I'm trying to finish up revisions for a manuscript and I'm kind of bored.
The research I'm writing up is a pet project from my dissertation. It's a molecular phylogeny of a group of plants which I particularly fancy, and I enjoyed the background on pollinators and inflorescence structure I learned while finishing up the project. For all intents and purposes, I should be eager to finish it.
The problem, it seems, is that I'm stuck in a writing rut. I write frequently, for various personal and professional purposes, and feel very comfortable expressing myself in a written format. I completed minors in history and communication studies, and in the process, finely honed my tone and ability to express arguments. My writing errs on the side of informality, sometimes even to the chagrin of my colleagues, but I enjoy and embrace it.

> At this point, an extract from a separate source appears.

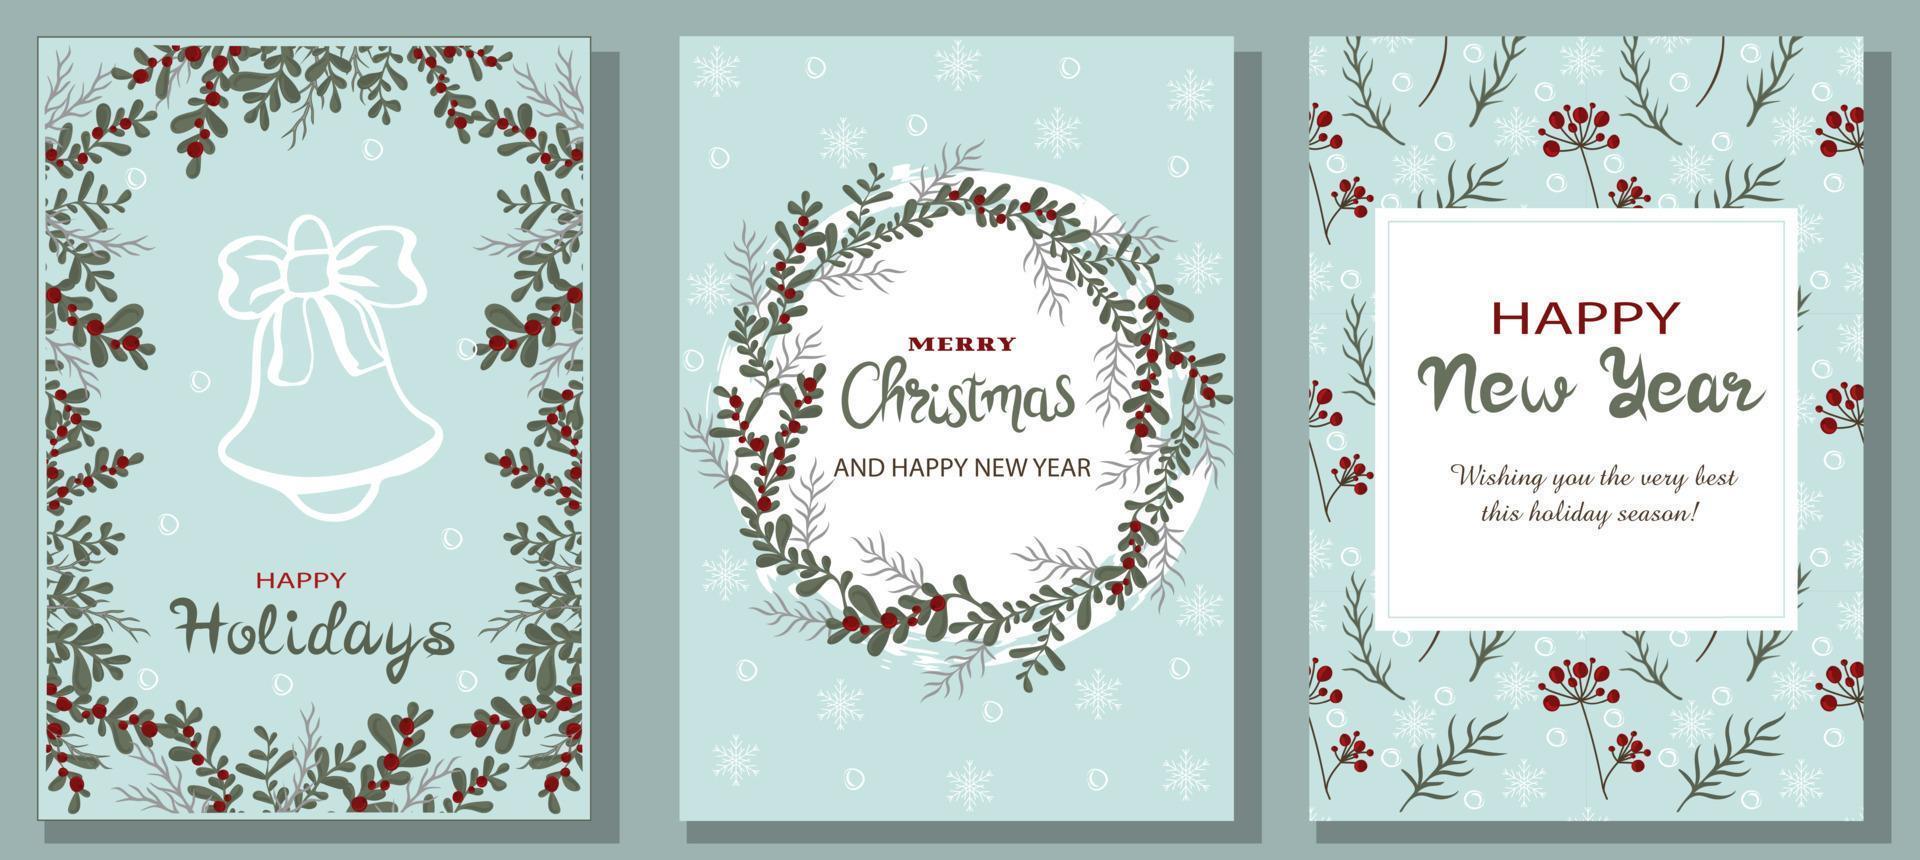 Delicate Merry Christmas and Happy new year greeting cards vector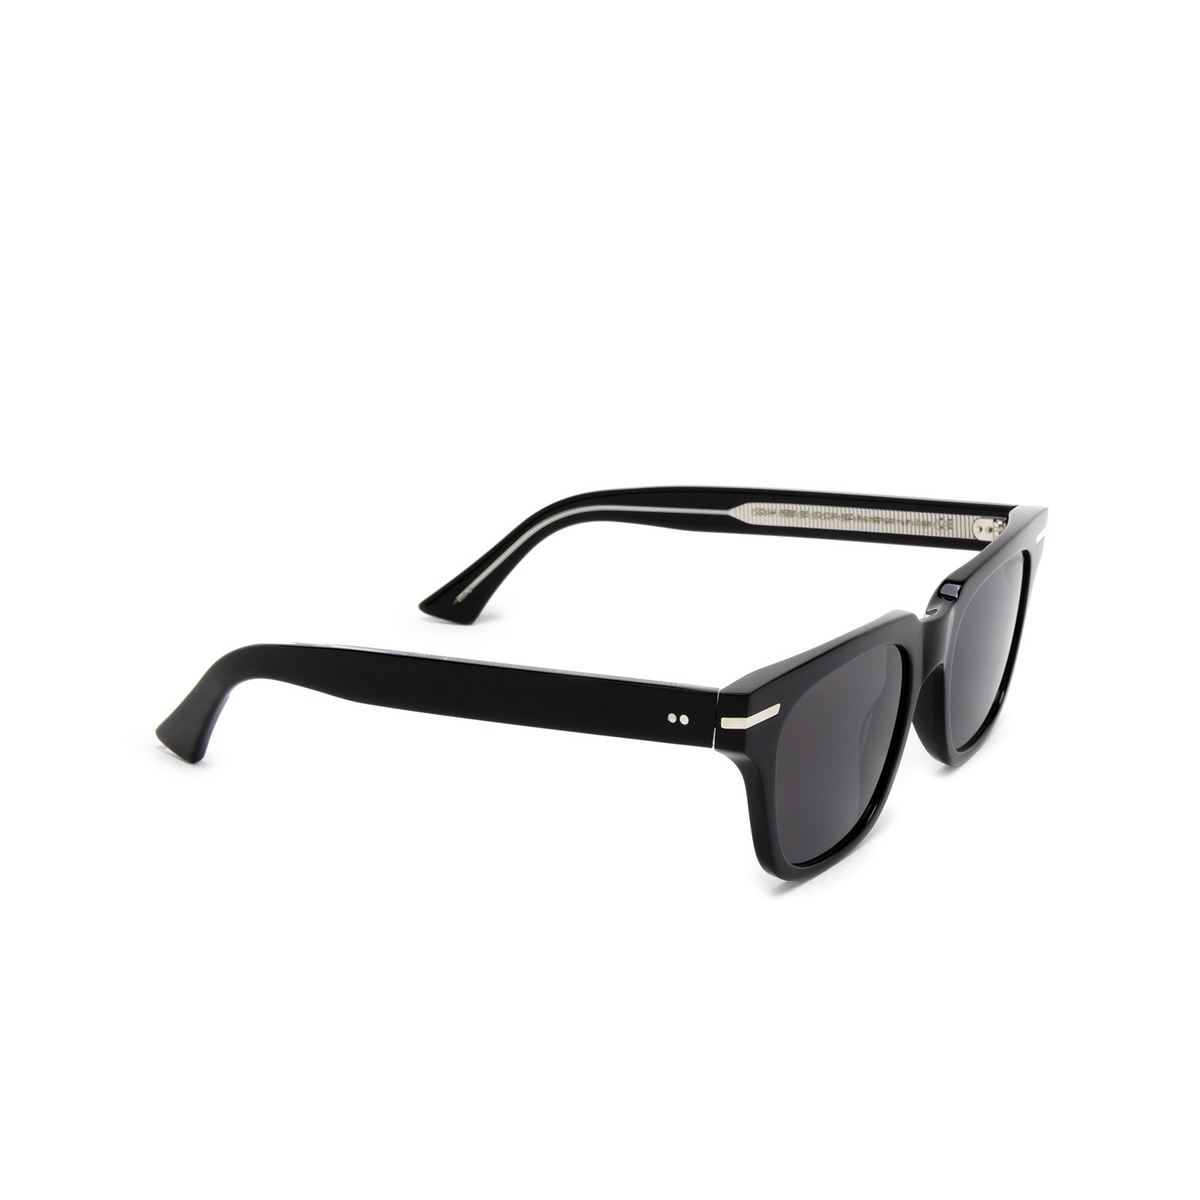 Cutler and Gross 1355 Sunglasses 05 Black Taxi - three-quarters view

Writing academic scientific articles, however, leaves me feeling lackluster at best. I started the introductory writing for this paper over five years ago, during the early years of my dissertation, and I find myself wholly sick of it now. I struggle to find balance between clarity necessary for academic publication and the verbosity to which I've grown accustomed for other types of writing. I want to edit the paragraphs that are plaguing my revisions so that they actually sound like me. However, I'm also eager to be rid of the damn thing for awhile, so I may move on to fresher projects, and I fear putting off reviewers with my modified tone.
So I wallow in writerly despair, blogging and whining. Perhaps it's time to suck it up and be a big adult scientist...boredom be damned.